Ricardo GARCIA, Appellant, v. STATE of Florida, Appellee.
    No. 93-03009.
    District Court of Appeal of Florida, Second District.
    Oct. 22, 1993.
   PARKER, Acting Chief Judge.

Ricardo Garcia filed in the trial court a motion to correct an illegal sentence pursuant to Florida Rule of Criminal Procedure 3.800(a), in which he alleged that his sentencing guidelines scoresheet total of 220 points entitled him to a sentence not to exceed seventeen years unless the sentencing order included written reasons for departure. Garcia’s original sentence was nineteen years, and the trial court entered no written order of departure. The trial court denied Garcia’s motion, finding that the 220 points listed on the scoresheet allowed for a permitted sentencing range of nine to twenty-two years, and that Garcia’s sentence of nineteen years was not error. We conclude that finding was error.

Garcia alleges and the state concedes that Garcia’s sentence requires use of the category seven (drugs) guidelines sentence and that 220 points under that category contains a permitted range of sentencing to be seven to seventeen years. It appears that the person preparing the scoresheet must have mistaken the category six guidelines for category seven, which would have permitted a nine to twenty-two year sentence. The trial court’s denial of Garcia’s motion, therefore, was error.

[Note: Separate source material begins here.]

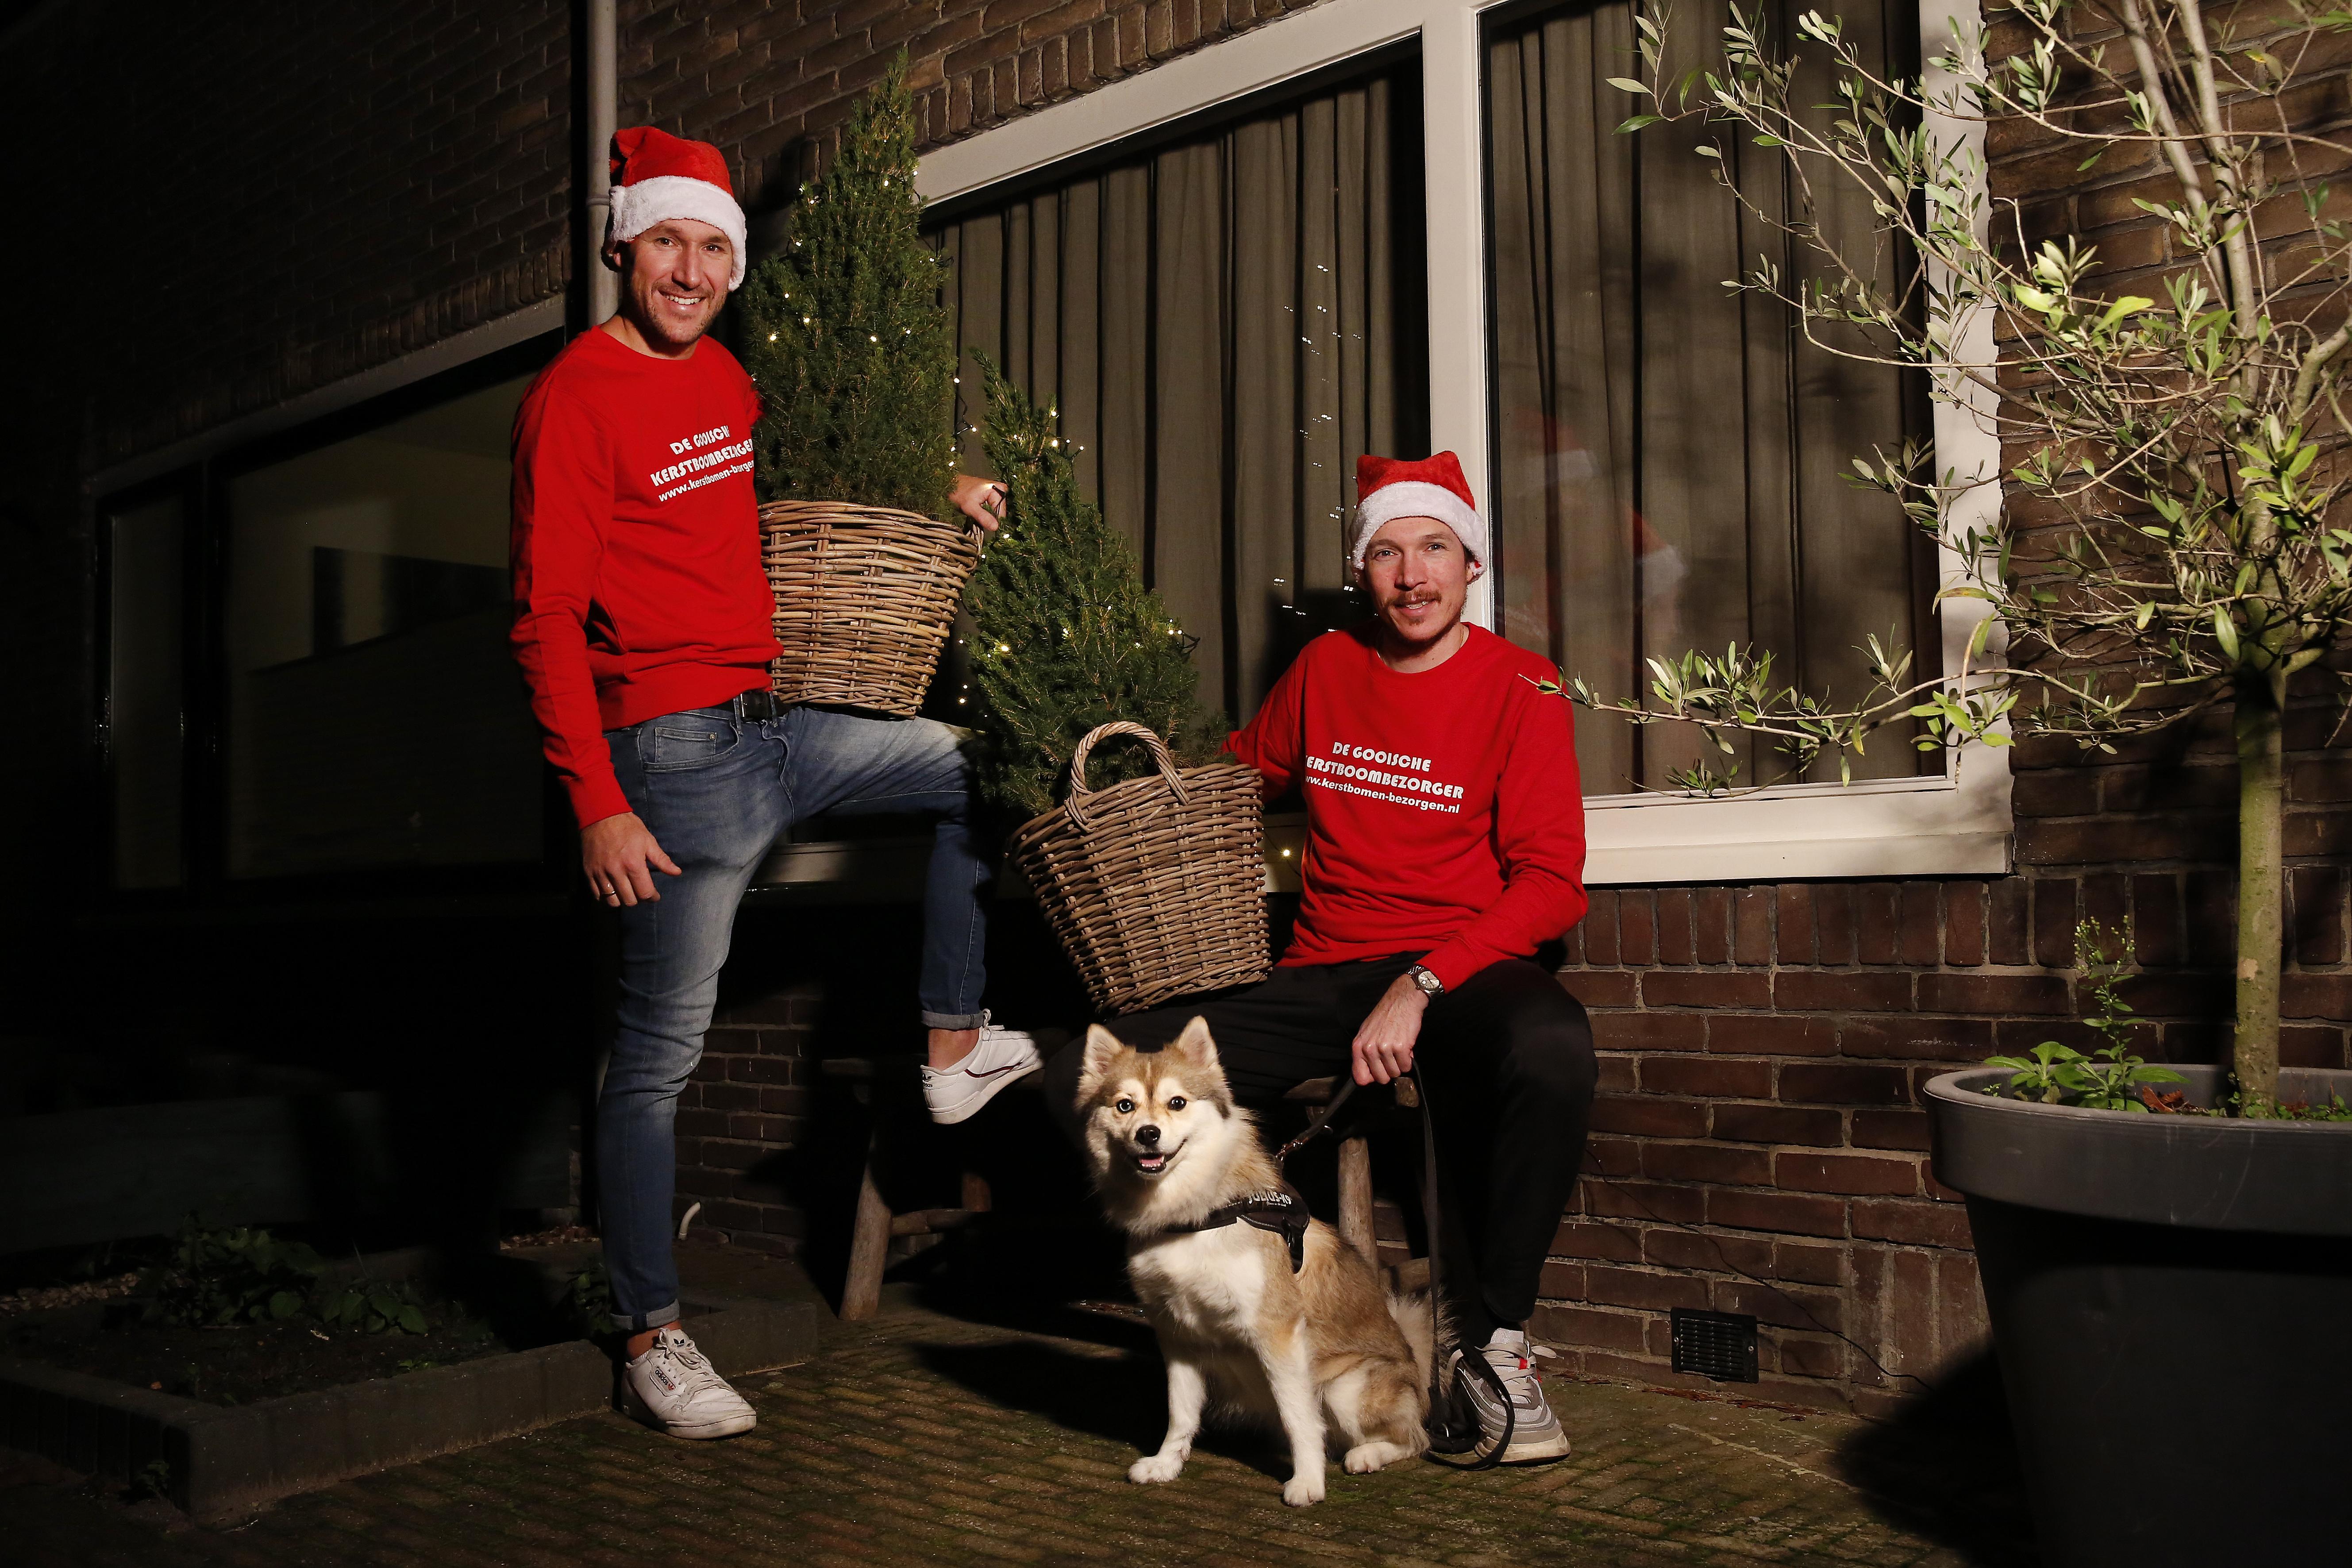 De Gooische Kerstboombezorger rijdt vanaf eind november rond; 'Zo hoeven mensen niet een overvol tuincentrum in'
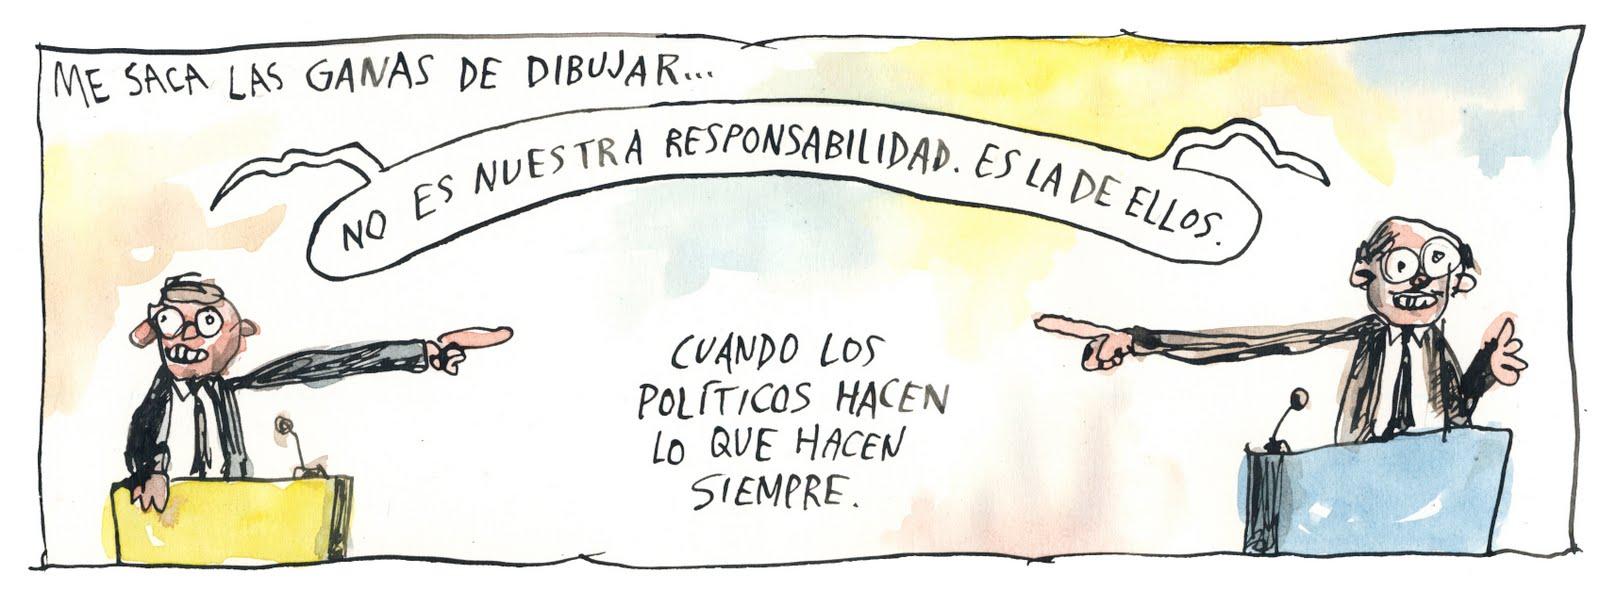 BA 161 - POLITICOS

Upon remand, the resentencing is controlled by Roberts v. State, 547 So.2d 129 (Fla.1989). Roberts holds that it is proper for the trial judge to reconsider whether a departure from the guidelines is appropriate when the corrected guidelines scoresheet is before him on remand. We, therefore, vacate Garcia’s nineteen year sentence and remand the case to the trial court for correction of the scoresheet and resentencing pursuant to Roberts.

PATTERSON and ALTENBERND, JJ., concur.